10. Security and Tenancy Checklist
- Enforce Authority scopes (
advisory:ingest,vex:ingest,advisory:read,vex:read) and require tenant claims on every request. - Maintain pinned trust stores for signature verification; capture verification result in metrics and logs.
 - Ensure collectors never log secrets or raw authentication headers; redact tokens before persistence.
 - Validate that Policy Engine remains the only identity with permission to write 
effective_finding_*documents. - Verify offline bundles include the raw collections, guard configuration, and verifier binaries so air-gapped installs can audit parity.

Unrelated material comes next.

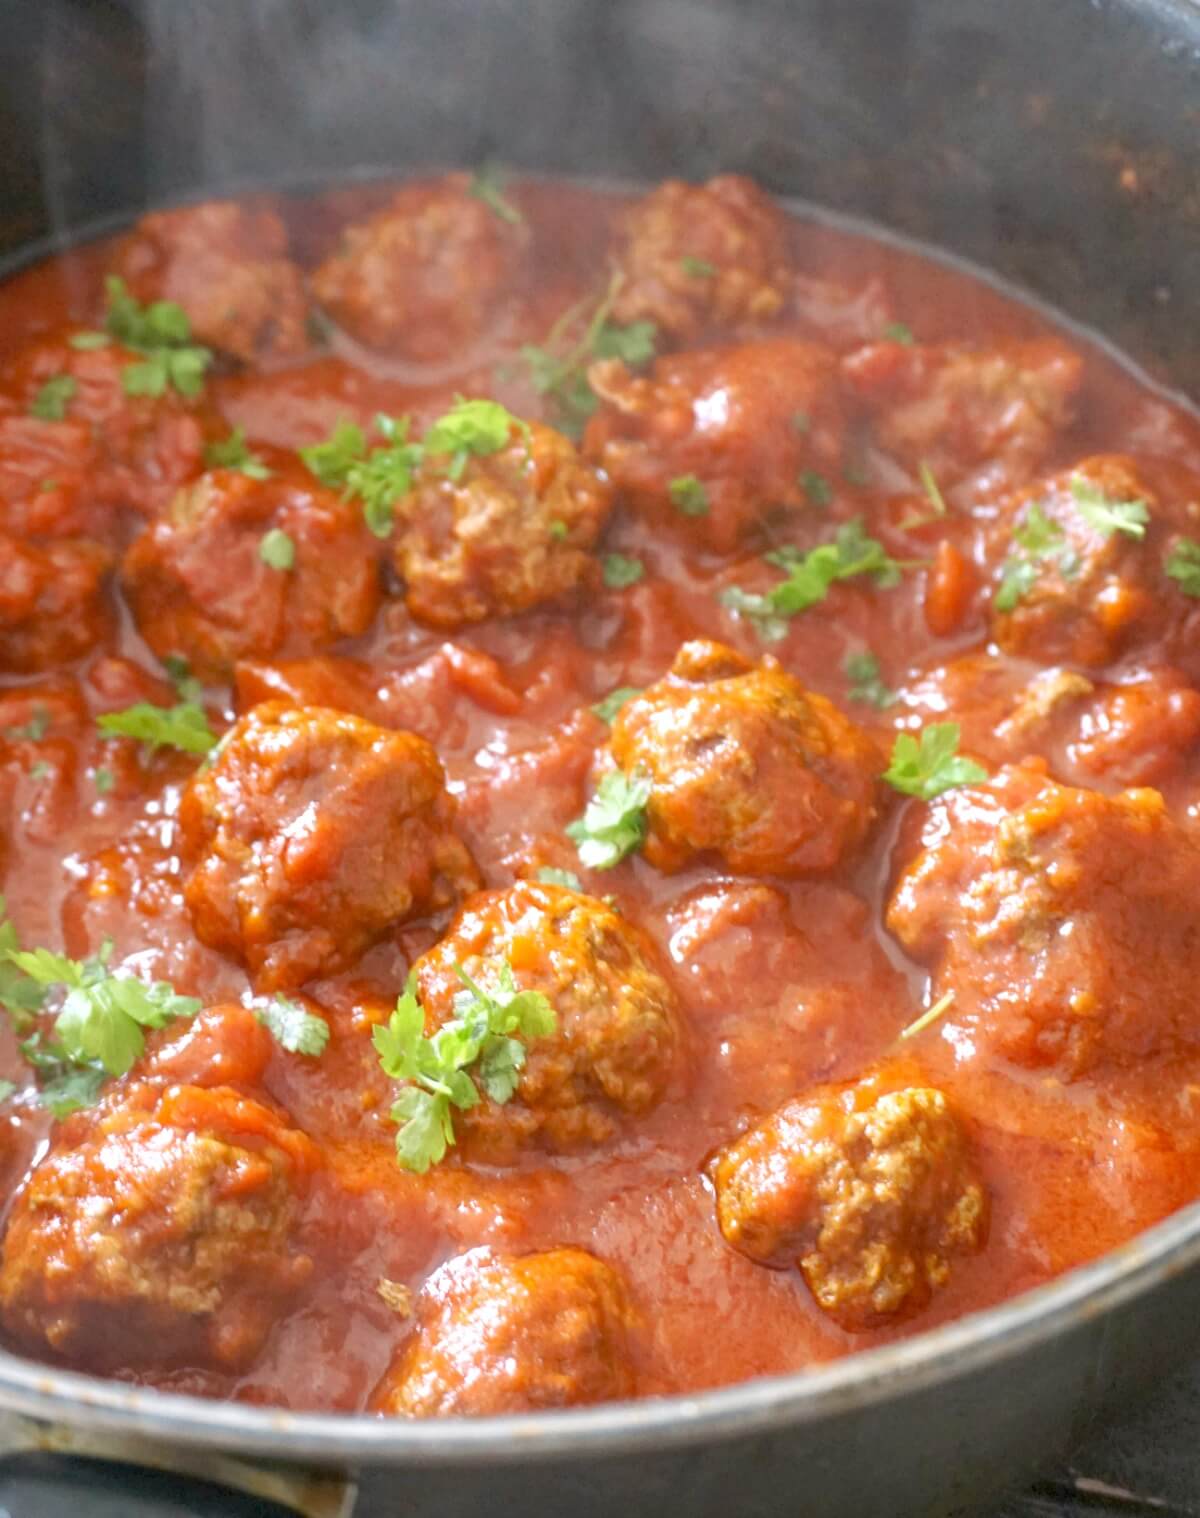 A pot with meatballs in tomato sauce garnished with chopped parsley.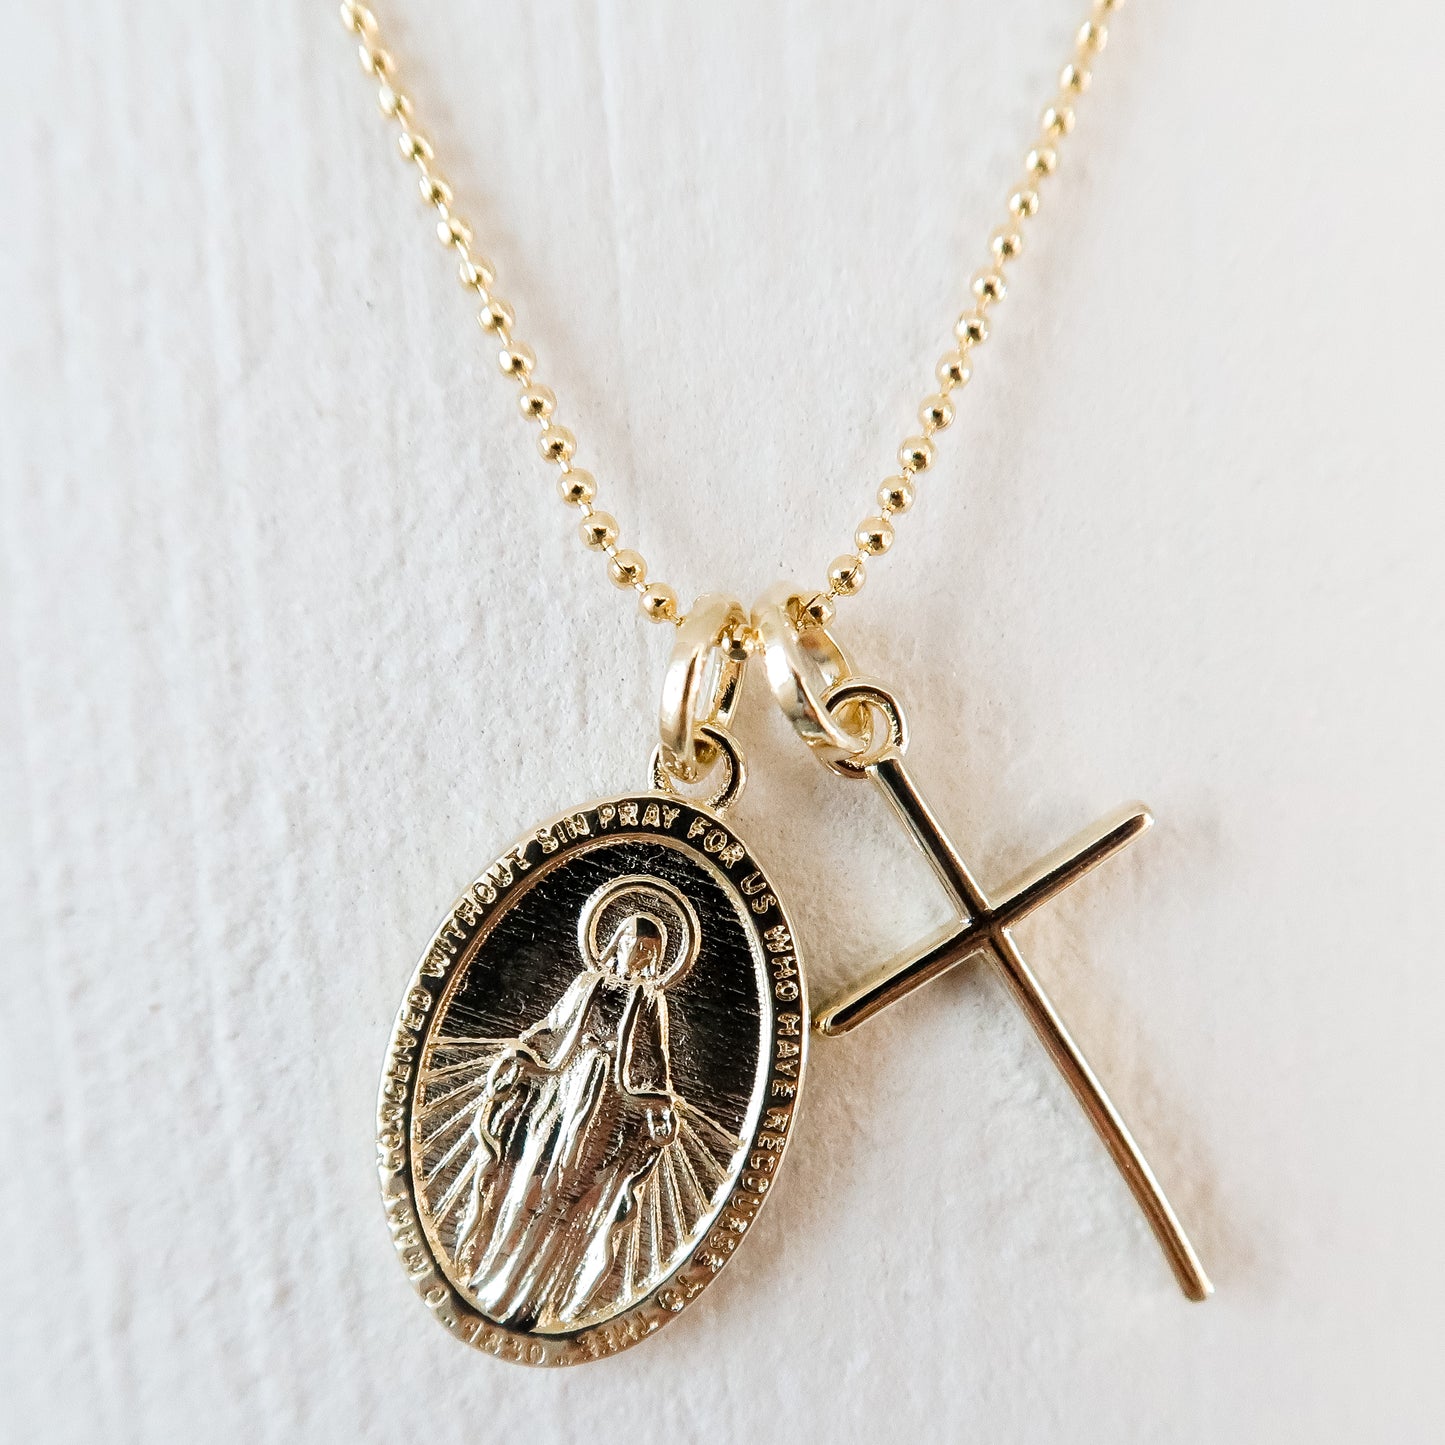 Gold_Aesthetic_Jewelry_Catholic_Miraculous_Medal_Our_Lady_Blessed_Mother_Mary_Faith_Bracelet_Necklace_Traditional_Shop_Pendant_Modern_Chain_Necklace_Women_Trendy_Mom_Devout_Faithful_0

 - Document operator steps for recovering from violations, including rollback to superseded revisions and re-running policy evaluation.
 
11. Compliance Checklist
- Deterministic guard enabled in Concelier and Excititor repositories.
 - Mongo validators deployed for 
advisory_rawandvex_raw. - Authority scopes and tenant enforcement verified via integration tests.
 - CLI and CI pipelines run 
stella aoc verifyagainst seeded snapshots. - Observability feeds (metrics, logs, traces) wired into dashboards with alerts.
 - Offline kit instructions updated to bundle validators and verifier tooling.
 - Security review recorded covering ingestion, tenancy, and rollback procedures.
 
Last updated: 2025-10-27 (Sprint 19).